Hoy es la última lluvia de estrellas del año, la cual caerá muy cerca de Navidad. He llevado la silla de mi hermana hasta el balcón, en donde la cubrí con tantas mantas que parece un oso polar; además, he servido chocolate caliente para ambas y compartiremos las galletas que la abuela horneó hace un rato. En la oscuridad titilan las luces del enorme abeto de Navidad que decoramos con esmero mientras reíamos a carcajadas, como cuando éramos niñas y nos compartíamos secretos.
– ¿En qué piensas?.– le pregunto a mi hermana, quien lleva diez minutos en silencio.
– En las pésimas decisiones que tomé durante este año.– respondió ella, cabizbaja.– Cada mala elección me condujo a una peor…

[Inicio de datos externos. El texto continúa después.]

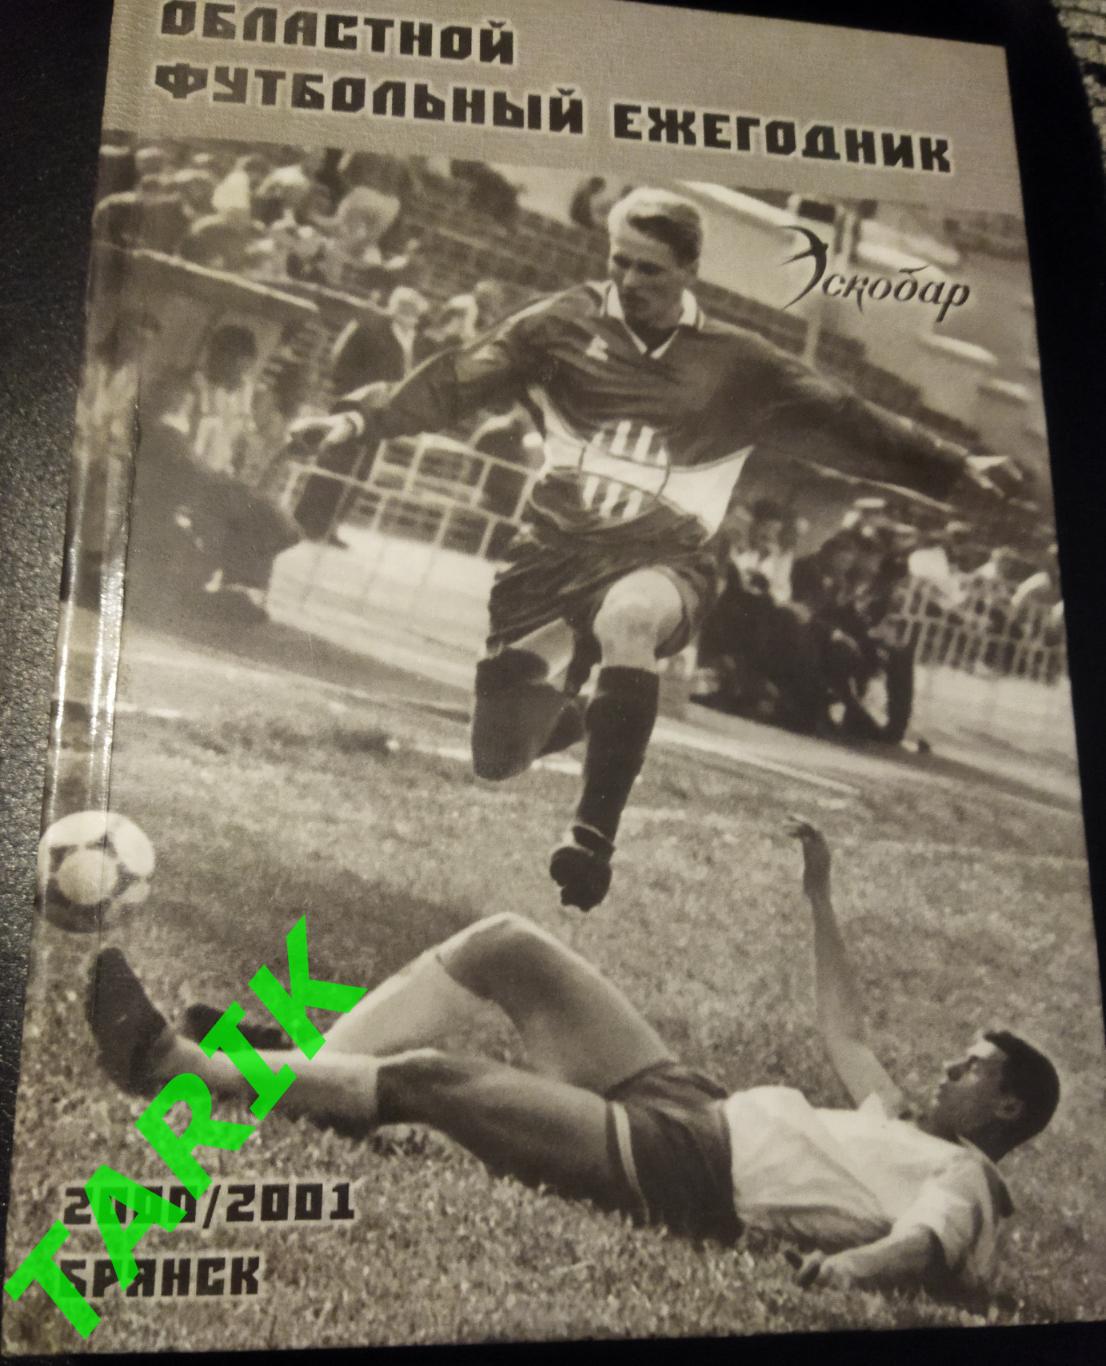 Областной футбольный ежегодник 2000/2001 Брянск
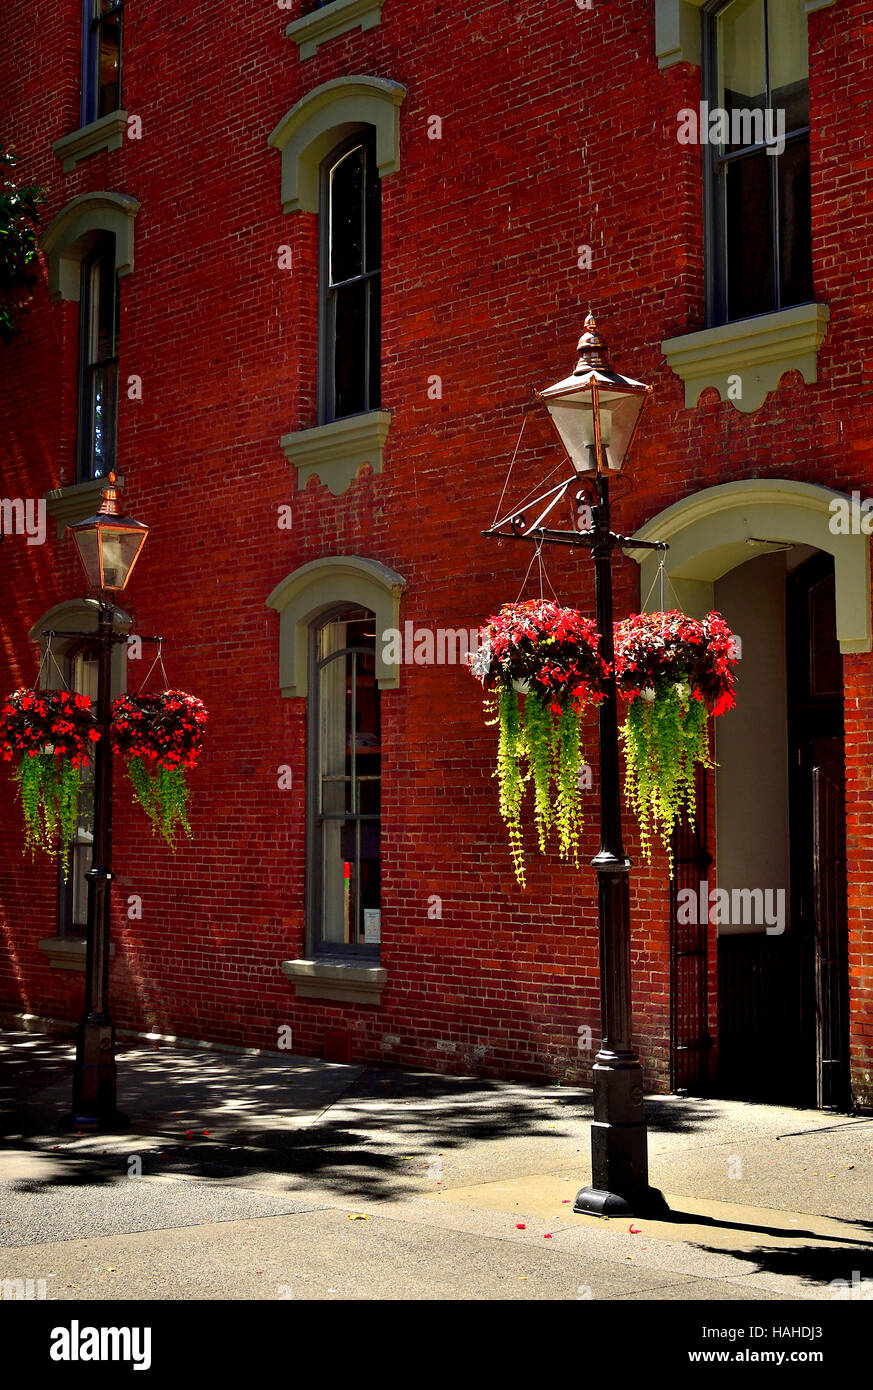 Las luces de la calle con cestas de flores en frente de un edificio de ladrillo Foto de stock

– No fue para tanto.– traté de consolarla.
– ¿De verdad?.– mi hermana me mira con tristeza al tiempo que señala sus piernas inmóviles.–¿No crees que el haber bebido una botella de whisky entera antes de conducir fue una pésima decisión?
– Lo importante es que no has dejado de luchar.– le acaricié el cabello.– Y los doctores dicen que todavía hay esperanza.
Comenzaron a caer las primeras estrellas y mi hermana se distrajo. Ella formula deseos cada vez que destella una luz, los más tontos que se le ocurren, mientras yo me quedo callada, contemplándola. Mucho rato después, mi hermana me mira con reproche.
– No es divertido si tú no pides deseos.– me reclamó.
– ¡Oh, pero sí lo he estado haciendo!.– le contesté, riendo.
Mi deseo de Navidad es que puedas volver a caminar.